§ Task requirements
Everything in the listing should be copied exactly, save for the pictures.

§ Provided data

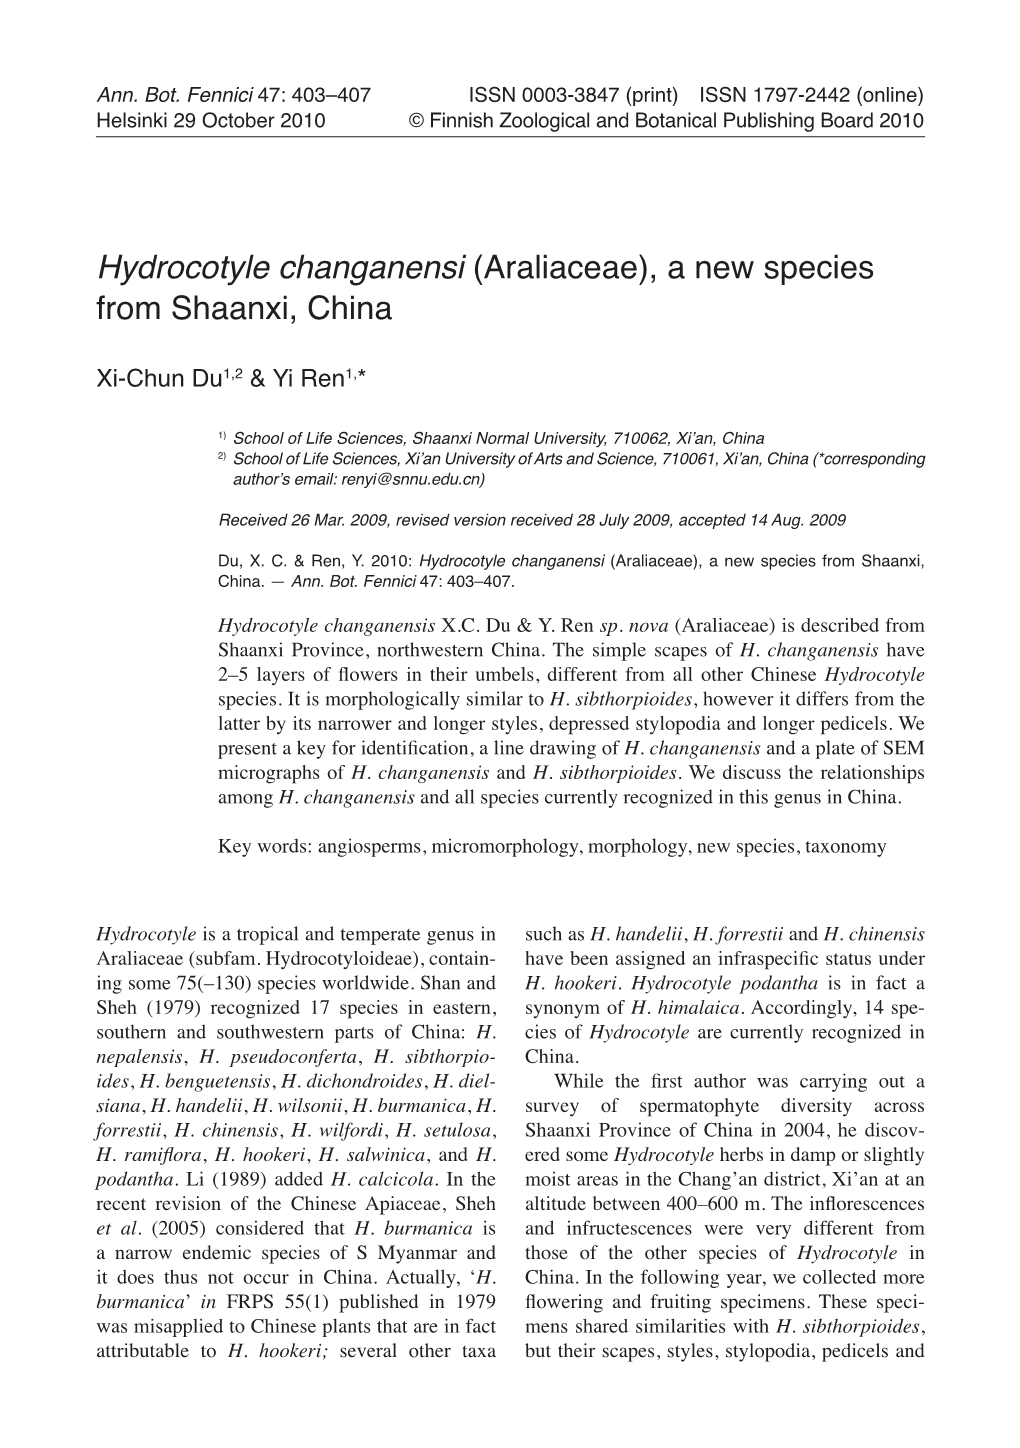 Hydrocotyle Changanensi (Araliaceae), a New Species from Shaanxi, China
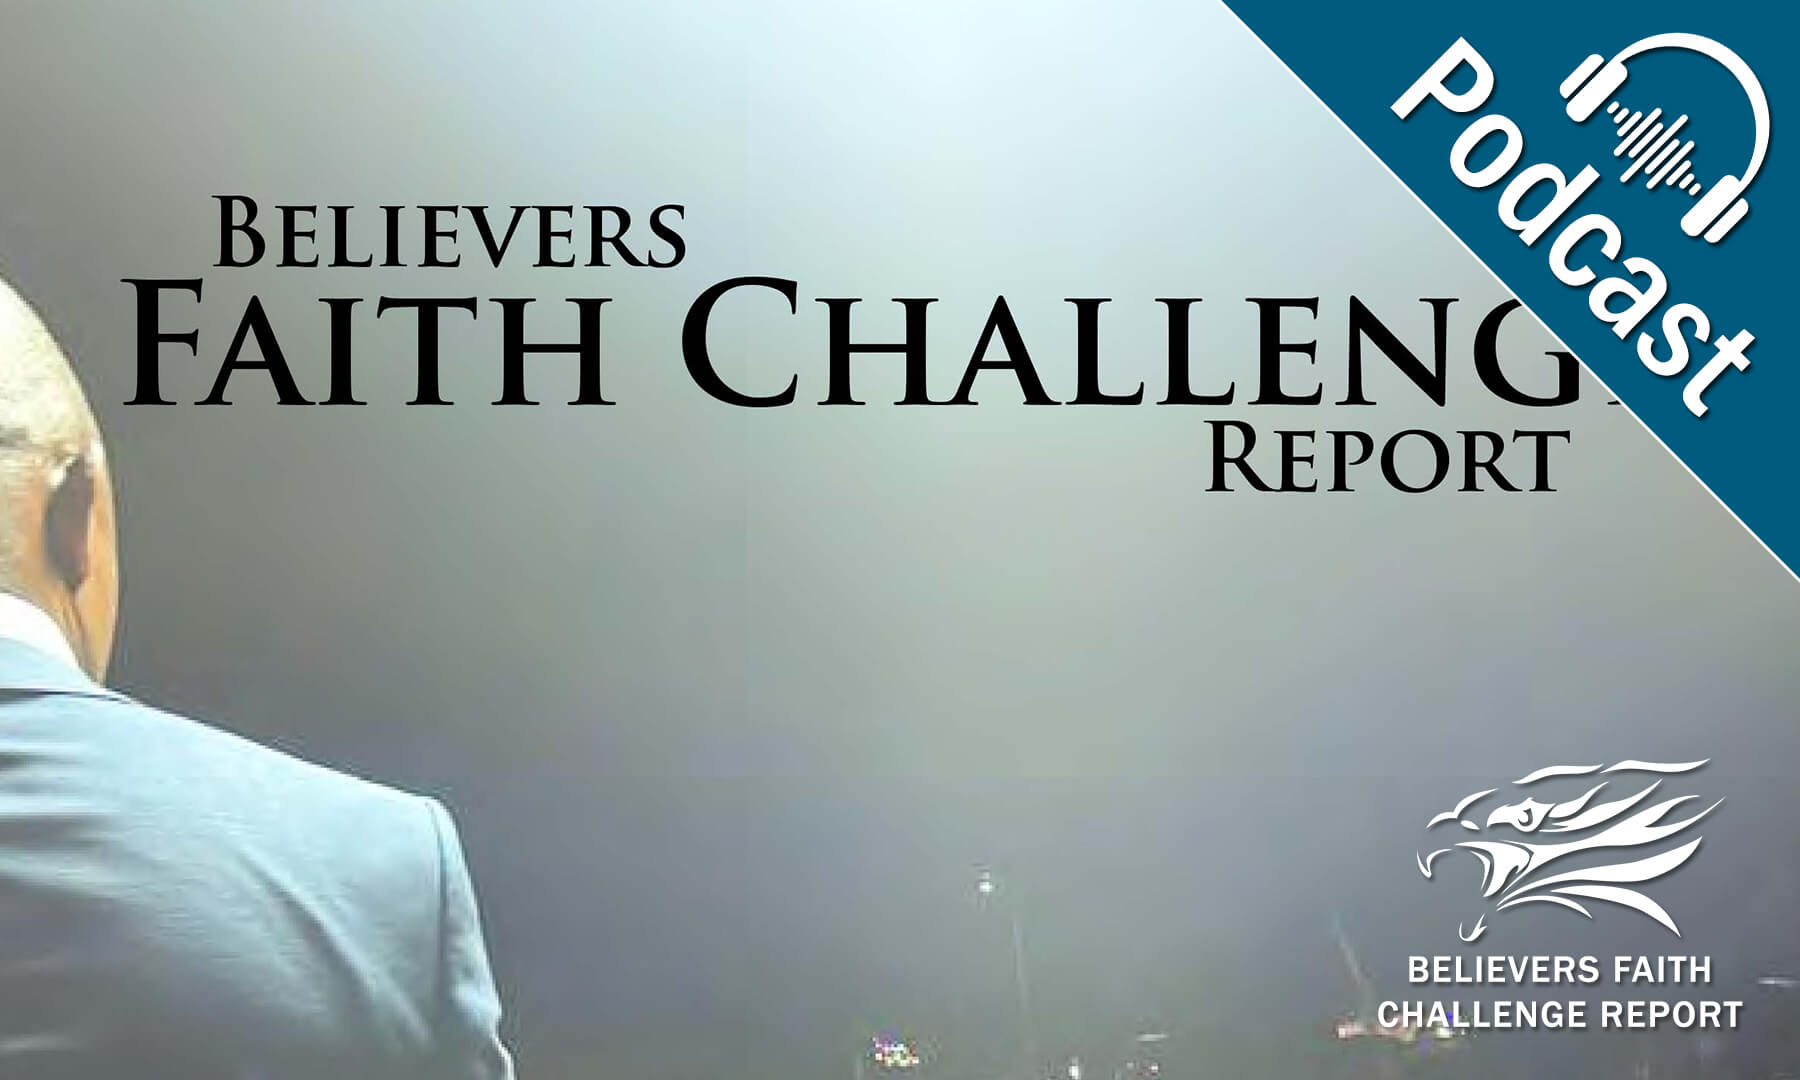 New Missions Podcast: Unboxing the latest Believers Faith Challenge Report
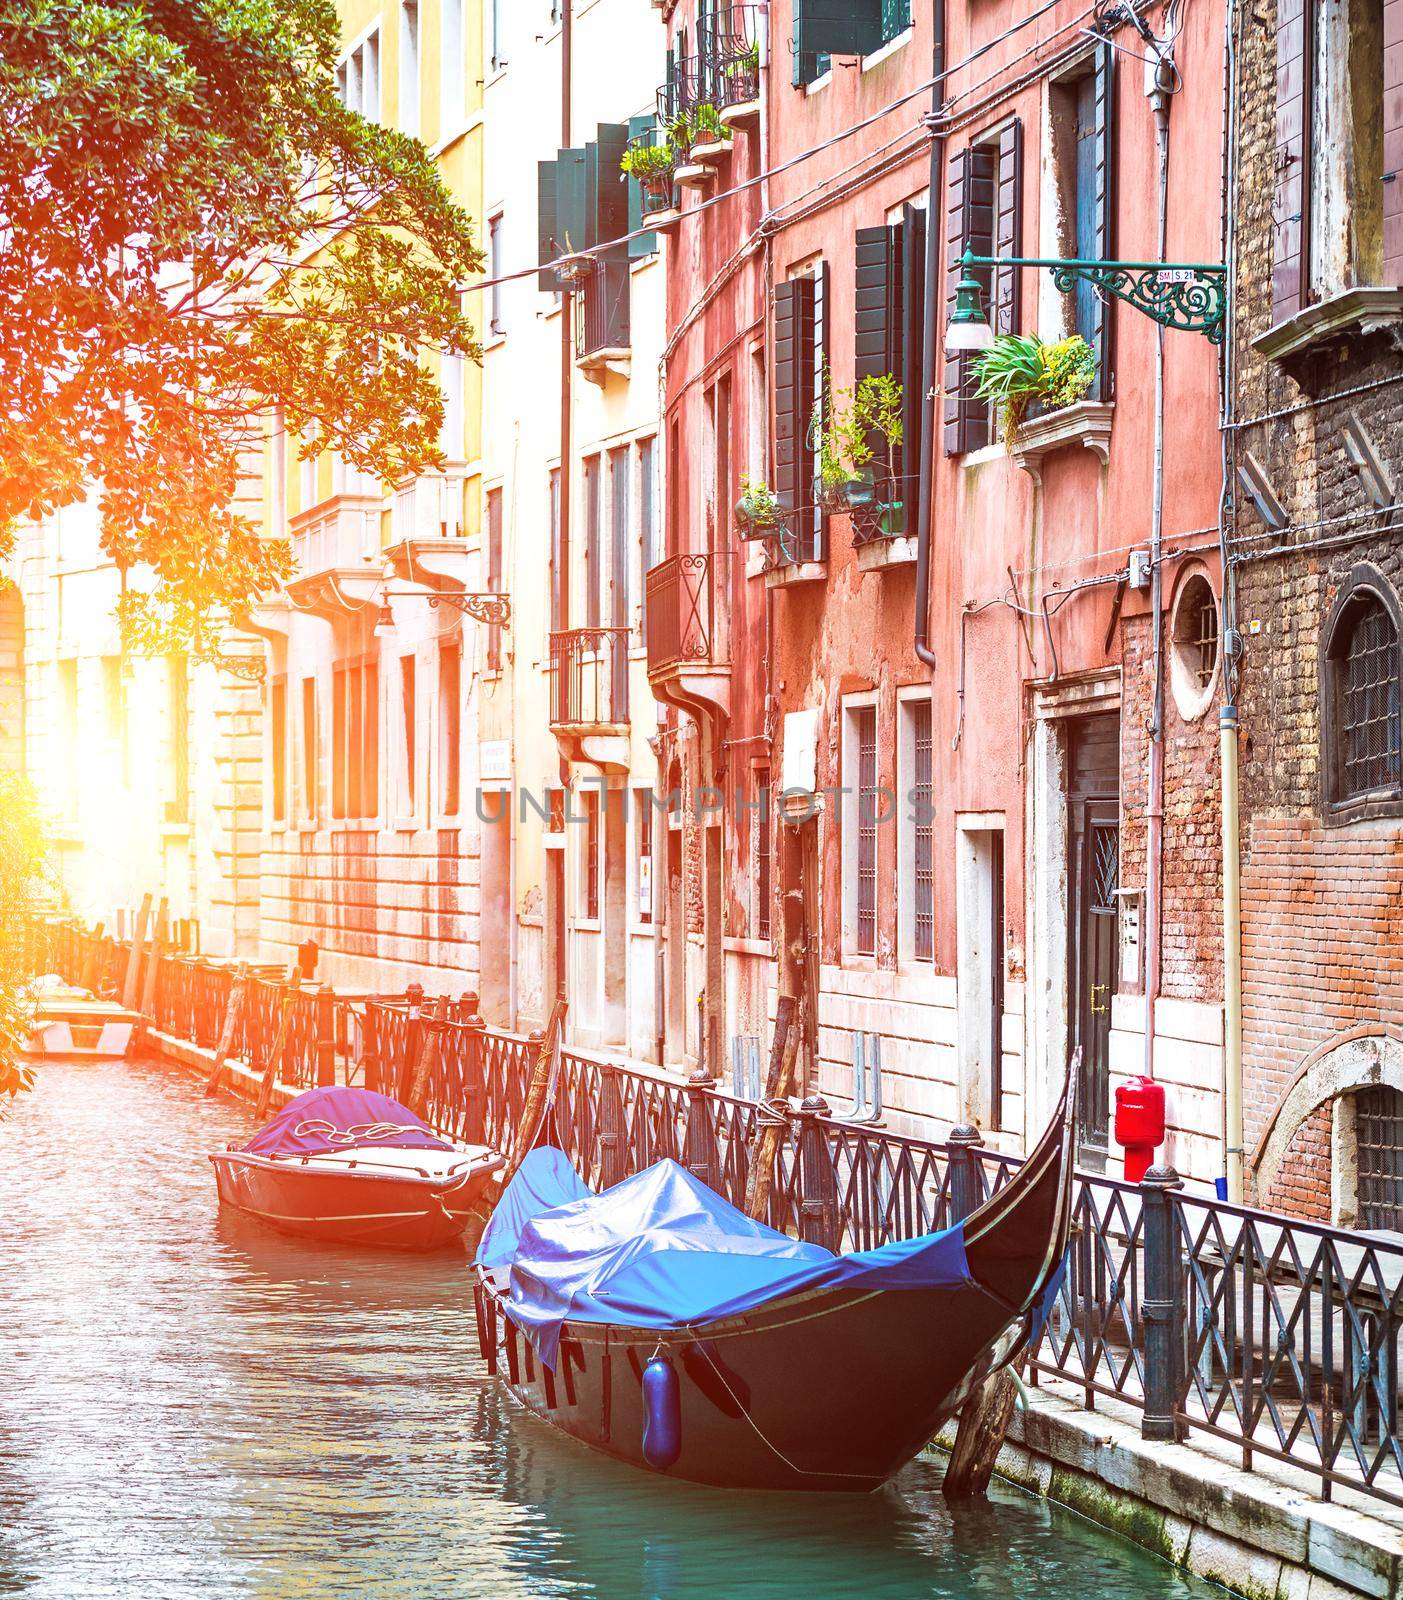 Venice, Italy, boats along the canal and historic tenements

§ Exercise result
 Hydrocotyle Changanensi (Araliaceae), a New Species from Shaanxi, China
 New Missions Podcast: Unboxing the latest Believers Faith Challenge Report
 Venice, Italy, boats along the canal and historic tenements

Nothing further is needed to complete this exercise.